When was the last time you rebooted MacOS?  There is a good possibility that there are still some memory leaks in LR7.1. Restarting the OS should reset everything back to the beginning for LR.  The next time this occurs,  use the Activity Monitor to track LRs memory usage and opened threads


----------



## GES (Jan 1, 2018)

Thank you for jumping on this so fast…
My computer auto shuts down late at night and restarts auto in the morning…yet I had the same issues with LR this morning…. BUT… that being said I just rebooted after reading your reply and now the slow down issues in the Develop module have disappeared ?…. So I don’t understand why the problem was there after first morning restart and then disappeared after second restart…. ahhhh computers!  I have not tested the importing issue… Again thanks so  much for your time… I’ll continue testing..
George


----------



## clee01l (Jan 1, 2018)

GES said:


> My computer auto shuts down late at night and restarts auto in the morning…yet I had the same issues with LR this morning…. BUT… that being said I just rebooted


It probably is going to sleep, keeping everything in memory until you wake it.  This is not the same as a reboot.  When you invoke the reboot command, everything gets reinitialized and you usually are required to enter there user name and password.


----------



## GES (Jan 2, 2018)

clee01l said:


> It probably is going to sleep, keeping everything in memory until you wake it.  This is not the same as a reboot.  When you invoke the reboot command, everything gets reinitialized and you usually are required to enter there user name and password.

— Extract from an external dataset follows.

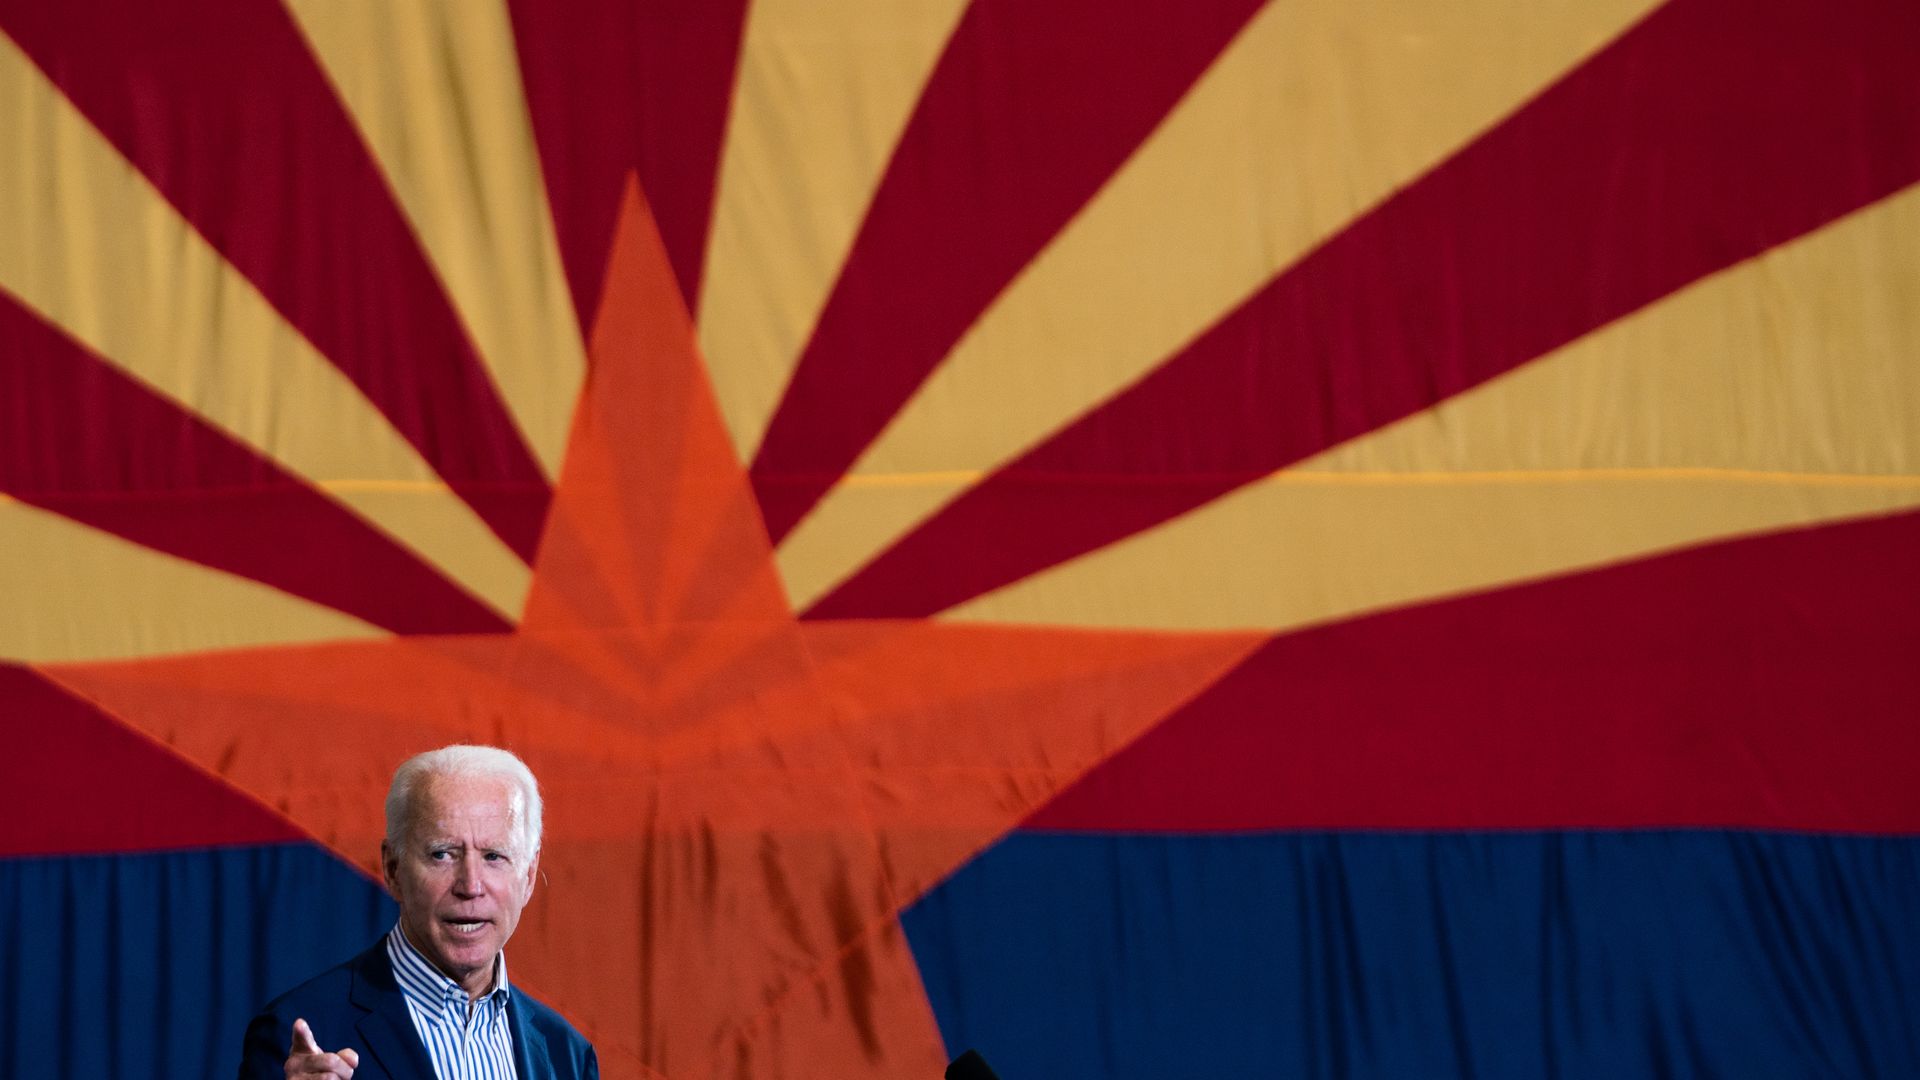 Joe Biden speaks in front of a large Arizona state flag.

Actually I'm pretty sure its a "Shutdown".... you can schedule this thru the energy saver in system pref.... when it shuts down you can't wake via keyboard etc... and when it auto restarts it you get the "bong sound" plus I have to log in... but who knows maybe behind the scene it takes a short cut I can't be positive... Thanks


----------



## clee01l (Jan 2, 2018)

GES said:


> Actually I'm pretty sure its a "Shutdown"....


"_Note: _If you have any documents open with unsaved changes, your Mac might not go to sleep or shut down when scheduled."  Shutdown will not occur if LR is open.  But yes, you could be right if you have scheduled this.  If you shutdown the Mac overnight, when yo you let the system perform the necessary backup of your critical user files?


----------



## GES (Jan 2, 2018)

Absolutely .... If I don't quit LR it certainly will not shutdown..but I usually do and backup catalogue every time I quit LR... and the computer backs up all day long to Backblaze..... No worries there... Thanks.


----------